Half-decent alternative radio stations.
A heliocentric universe.
An earth where hive living is considered perverse.
My readers' resolve and attention span,
My reserve of ideas, the tip of my pencil, my plan.

Why I No Longer Regard Extra Sleep as a Good Treatment for Illness

It's a torture from Hades, if not from Hell
To close my eyes feeling almost well
and wake feeling like I'd spent the night in bed
With a thirty-pound dumbell lain across my forehead.
These intimate nights with the bowels of the earth
Are, but don't feel like, a good cause for mirth.

-------

Though to write it departs from the rest of the rhyme,
Sleep already makes up most my lost time.

Wednesday, April 9, 2014

Uncultured, or The Idea of Having No Particular Idea

I'm not countercultural,
Too acultural, too animal,
Trusting in the world I see,
Unconnotating your ideas.
I'm at home in the dirt, too carnal
To even bother being venal,
Content to just be meat
Unless consumed by being me.

Friday, April 4, 2014

The Spiritual Significance of Impatience

I suppose you could say that I've not learned to go
With majestic unchoosing, with the seas' ebb and flow.
I tack and I twist and I roll and I squirm.
One sees sin's silken spiderweb catching a worm.
I pace and I poke and I prod and I ask.
My friends pay the percentage, patience heavily taxed.
Truth be told, I have mastered the thumbnail's dark art
Of scratching and scraping and picking apart.

Wednesday, April 2, 2014

Campaign-Sign Slalom

Your ambitions, your attempts at getting underway
At getting into power, at getting in the way
Are, in the last matter, already making hay.
You, as your kind is wont to be, are already a pain.
So I cannot help but find the mirth in seeing your campaign
Toppled by ordinary wind and ordinary rain.
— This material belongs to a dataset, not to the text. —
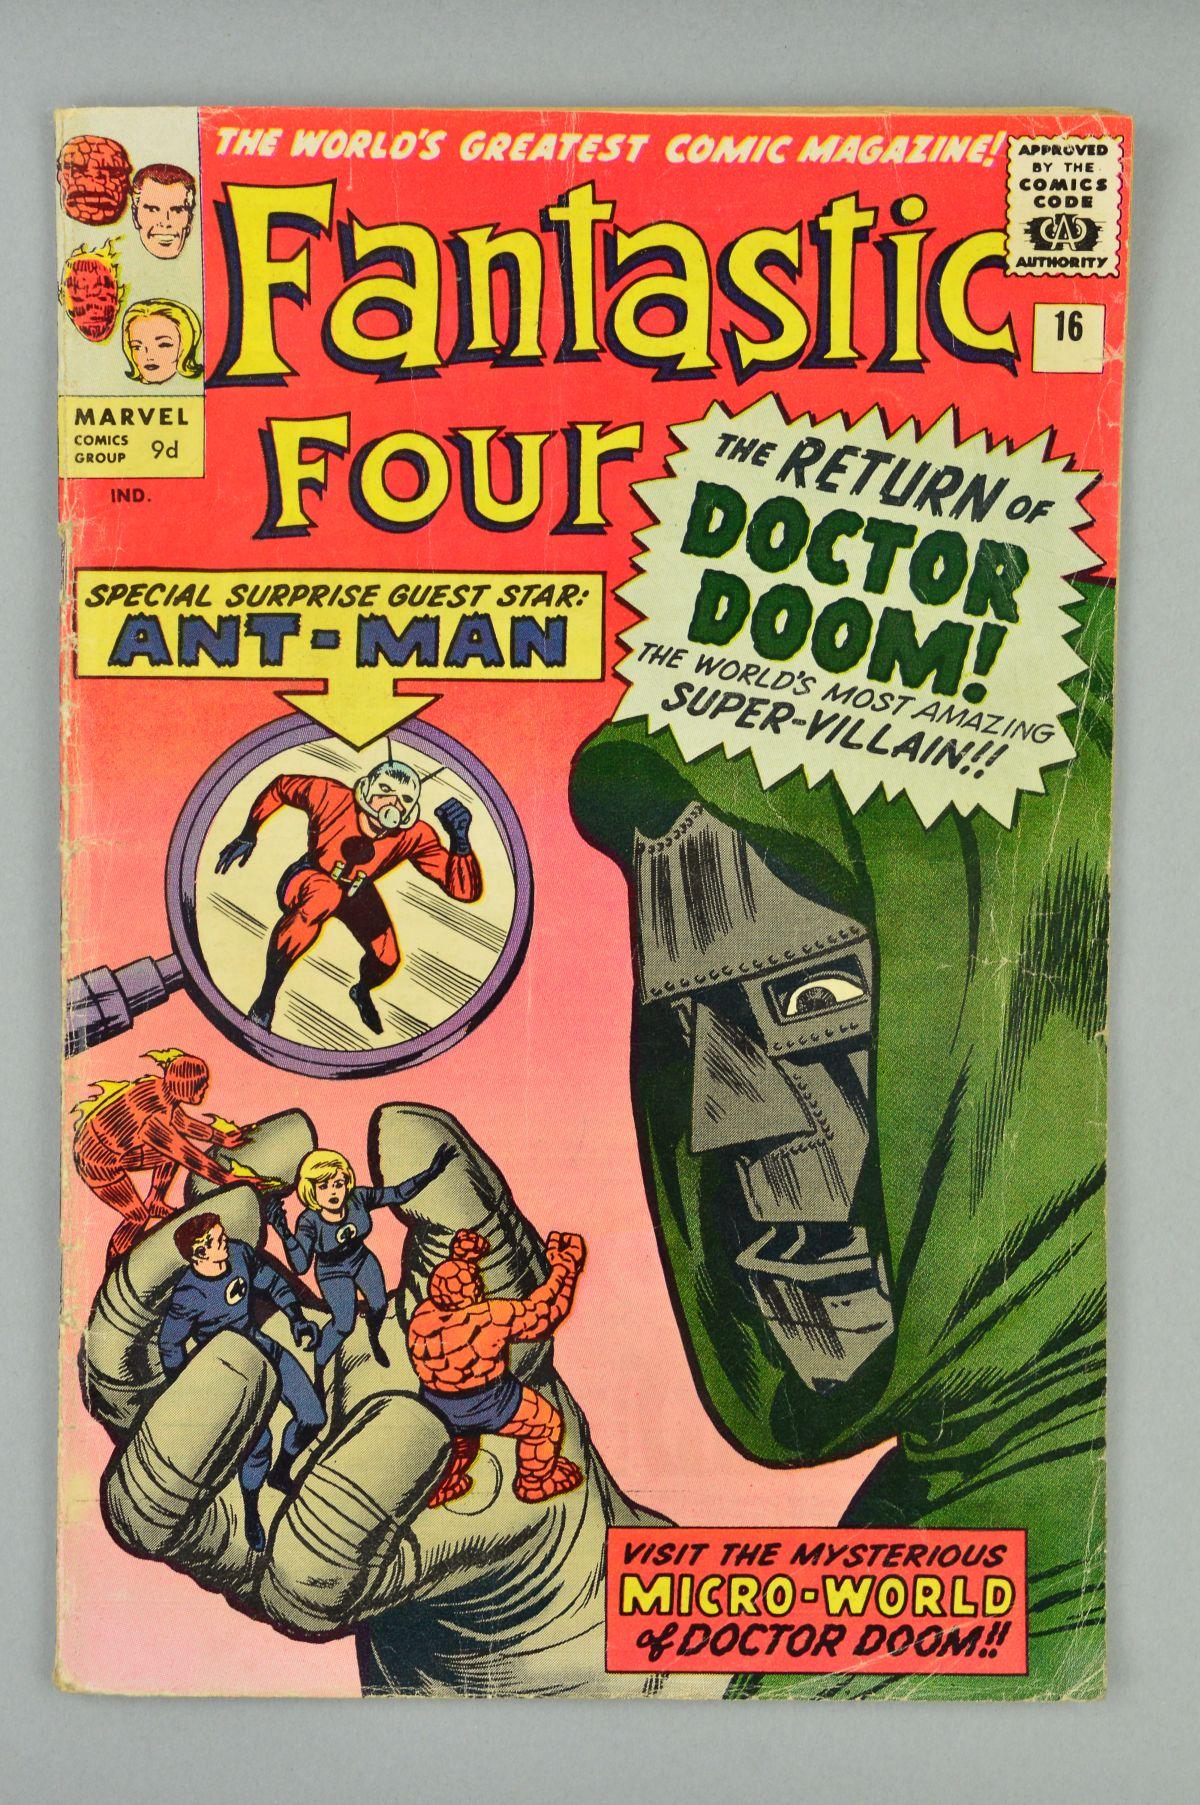 Lot 1816 - Fantastic Four (1961) #16, Published:July 10, 1963

So This Is How Liberty Dies?

Liberty dying a death of a thousand papercuts
Makes me want to kick five hundred thirty-five butts.
If Liberty dying is Overpopulation Culture's effect,
I don't know what less I could expect,
But if Liberty dies on the lips of some Hollywood actress,
I'm gonna have to get my seven dollars and fifty cents back.

To an Ingenue, Recent Rediscoverer of Political Incorrectness

You've been bringing hockey gloves to a fistfight.
You've been wearing oven mitts to a microwave.
You've been wearing sunglasses at a quarter 'til midnight.
Is it time to throw the shovel back in your own grave?
You've been tip-toeing around a rock-festival concert.
You've been keeping your punches two feet above the belt.
Maybe it's time to stop worrying if it hurts,
and starting to think about making your presence felt.